My LA Weekly

In December the LA Weekly celebrated its 30th anniversary with a series of reminisces from eras past. Here’s my contribution.

A Matter of Life and Death

Sara Catania, staff writer, 1996-2004

In the spring of 1998, LA Weekly editor Sue Horton assigned me to write about Horace Kelly, a mentally ill man on California’s death row who faced imminent execution because his attorneys had missed the filing deadline to argue him mentally unfit to be put to death.

The piece recounted the tortuous trajectory of the case and details of Kelly’s grim life. It also included, at Sue’s insistence, reaction from the family of Kelly’s victim, a young boy.

I resisted talking with that family. I knew the story I was writing would in the end argue against execution of the mentally ill man who killed their kin. Did advocacy journalism really require balance? Sue said yes. How could one win anyone over to one’s argument if one did not present one’s case honestly and completely? Only then could one claim the moral high ground, she said.
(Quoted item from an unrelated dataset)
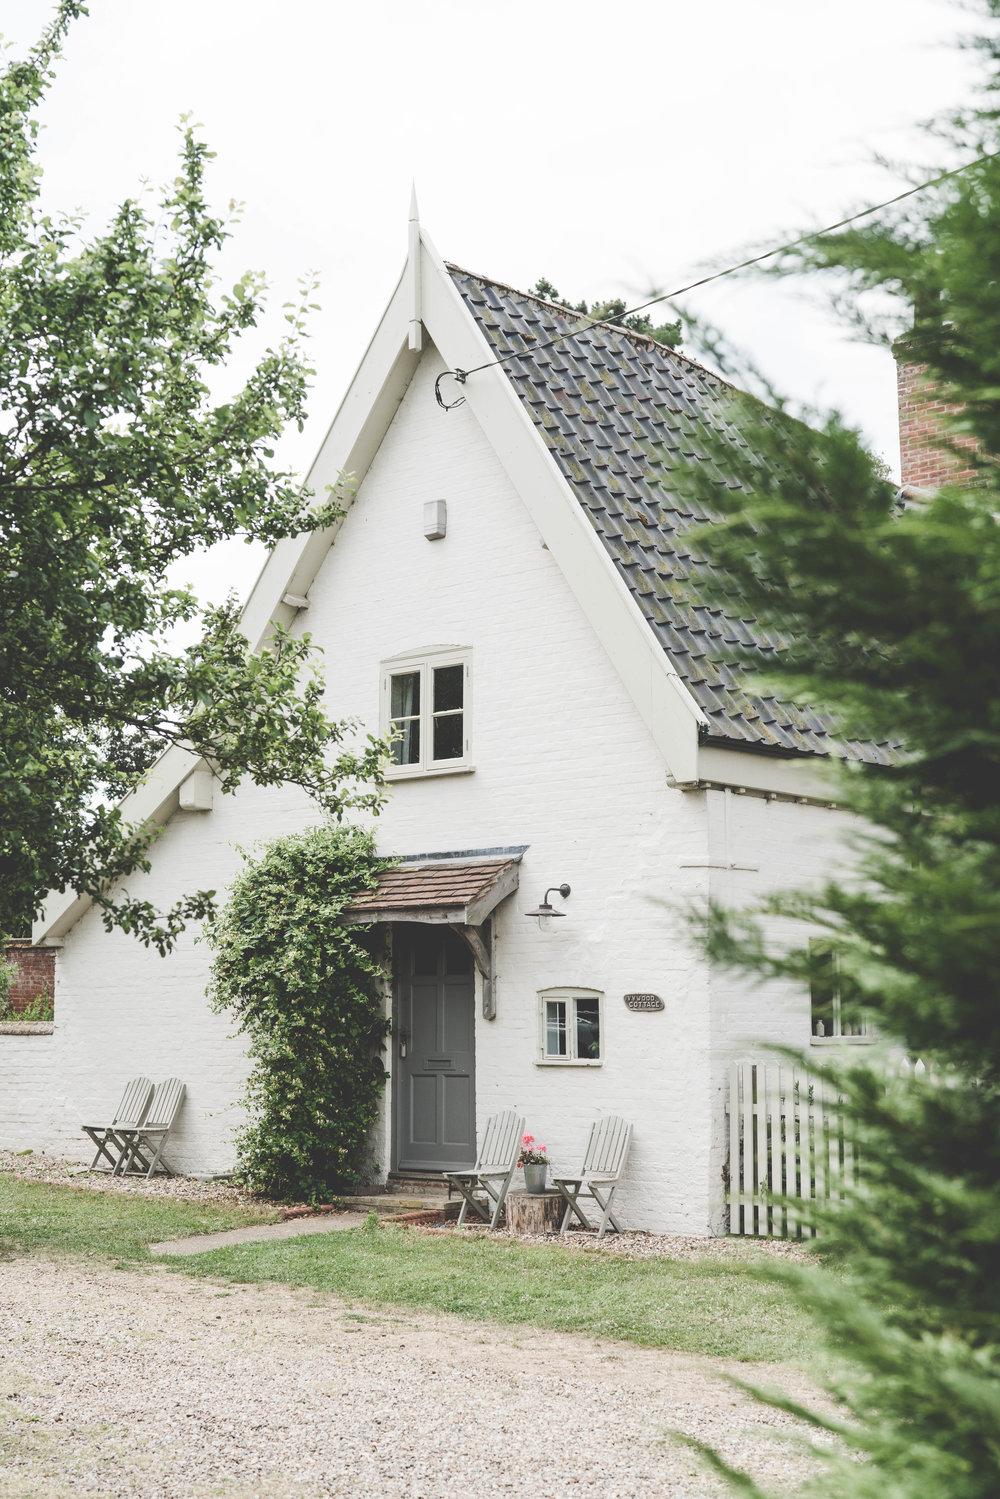 Cottage entrance

After the story was published – the first and only coverage of the case at that point— Kelly’s execution date was canceled and he was granted a sanity hearing, which I also covered for the Weekly. The hearing took place in Marin. Sue sent me up there and urged me to stay until the proceedings—which dragged on for several weeks-- were done. Though the jury found Kelly sane for execution, through the vagaries of the court system, his life was spared. He is alive on death row to this day.

I can’t say with any certainty what role my work played, but that first big feature was the story all the other reporters who showed up for the sanity trial carried with them, and when Ted Koppel addressed the case on Nightline, as part of a discussion on execution of people with mental illness, he held up a copy of the LA Weekly article to illustrate his point.
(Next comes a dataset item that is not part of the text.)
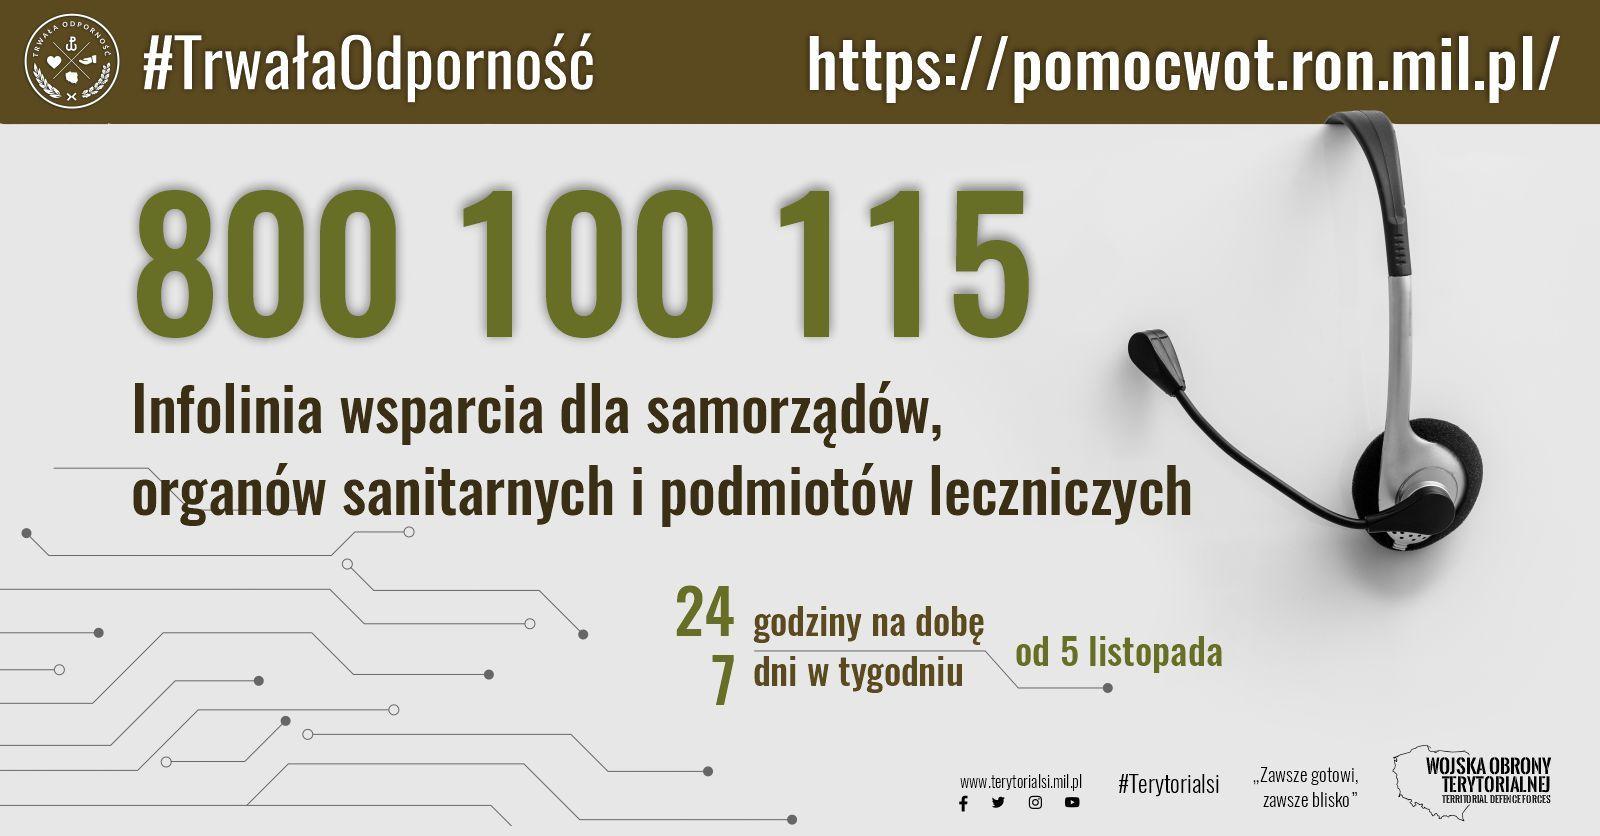 Uruchomiono infolinię wsparcia WOT. Lubelscy terytorialsi zachęcają do korzystania - Zdjęcie główne

In the end I filed six stories about Kelly, a series which shed at least some small light on the complexities of capital punishment in California. It was (and is) a thorny and difficult topic that everyone needs to know about. LA County has more people on death row than anywhere else in America, some since before the LA Weekly was founded. But it's an issue that was (and is) of little interest to most people. Still, Sue didn’t hesitate to run every single piece. That dedication, that commitment to work that was valuable and meaningful -- advertisers be damned -- made working at the Weekly a reporter’s dream.